Beat-Up Refrigerator... Or Modern Art?

Larry Cooner on Saturday, August 11, 2001

from the maybe-he's-having-a-yard-sale dept.

REDTON -- Old Man McGlergle's front yard contains several beat-up refrigerators, broken-down cars, faded Confederate flags, and rotten piles of wood. After years of complaining, the neighbors have convinced the Redton City Council to enact an ordinance outlawing the operation of a junk yard or trash heap within city limits.

Mr. McGlergle isn't going to take this without a fight, however. At a crowded city council meeting held yesterday, he said that the objects in his front yard represent "modern art".

"Those aren't transmission blocks hanging from that tree. Those are symbols representing the eternal struggle between man and machine," he said. "That's not a pile of rotten timber, but a metaphor for how our existence is constantly changing and decaying."

Many in attendance at the meeting didn't buy McGlergle's explanation. "Bullshit!" yelled Doc Williams. "What the hell is this guy smoking? And where can I get some for myself?"

About six months ago, Bob McGlergle returned from a two-week trip to California, commonly known in these parts as the "Left Coast". According to his neighbors, he hasn't been the same since.

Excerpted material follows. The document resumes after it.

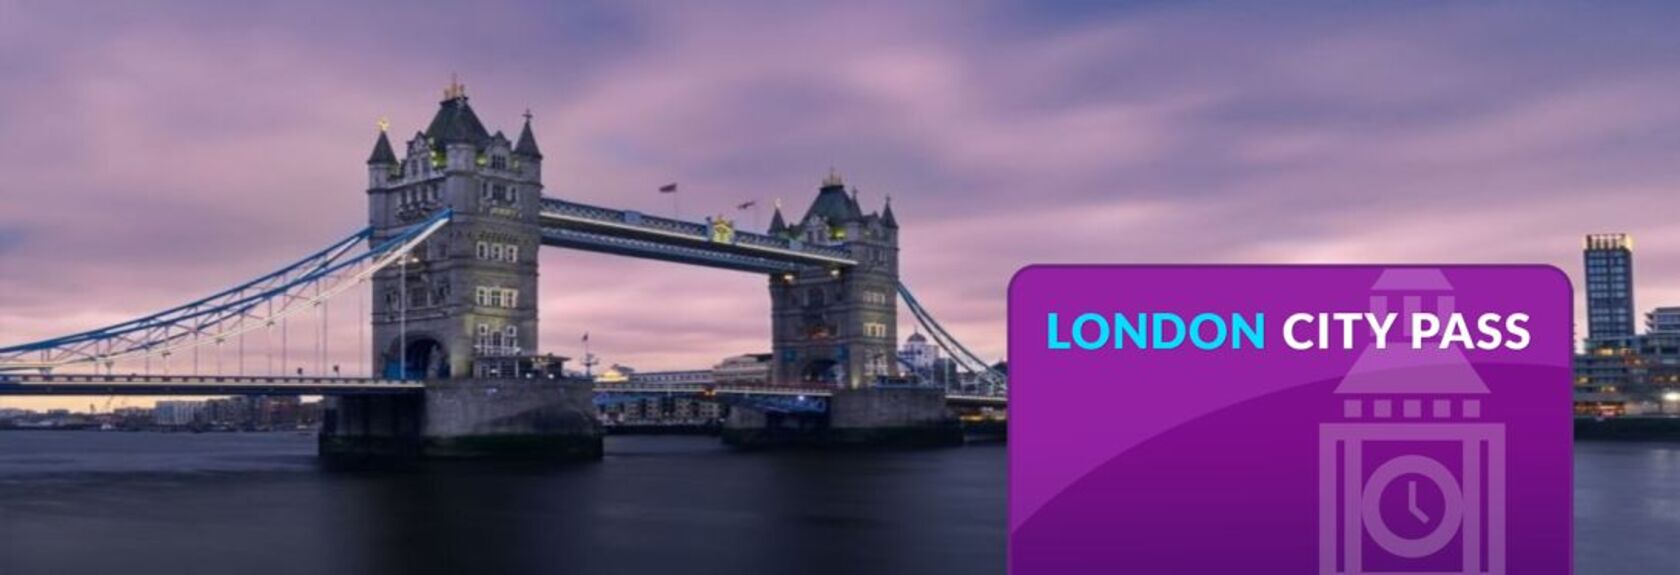 Você quer aproveitar ao máximo a sua viagem a Londres? Então o London City Pass é para você! Com este passe de desconto você vai descobrir Londres de uma maneira fácil e simples

"It's obvious those liberal hippie freaks have brainwashed Bob somehow with all of their fancy big city talk about art and culture," said Gertrude Gerlicke.

Members of the city council weren't sure how to proceed with enforcing the new ordinance. After all, Mr. McGlergle has a big sign out front that says, "I've got a permit. It's called the Second Amendment."

Said coucilman Floyd Dunce, "We all know McGlergle has a large cabinet filled with loaded shotguns -- and I'm talking about real guns with real bullets, not artistic symbols of the struggle between right and wrong or some such bull. I'm not going near that place."

The mayor has offered to lend the city's cow for a few days to help cut the grass and weeds that have grown up around some of the beat-up cars. Mr. McGlergle, however, wasn't very keen on the offer. "That grass represents the challenges and perils that face modern-day America. It's my canvas. So there!"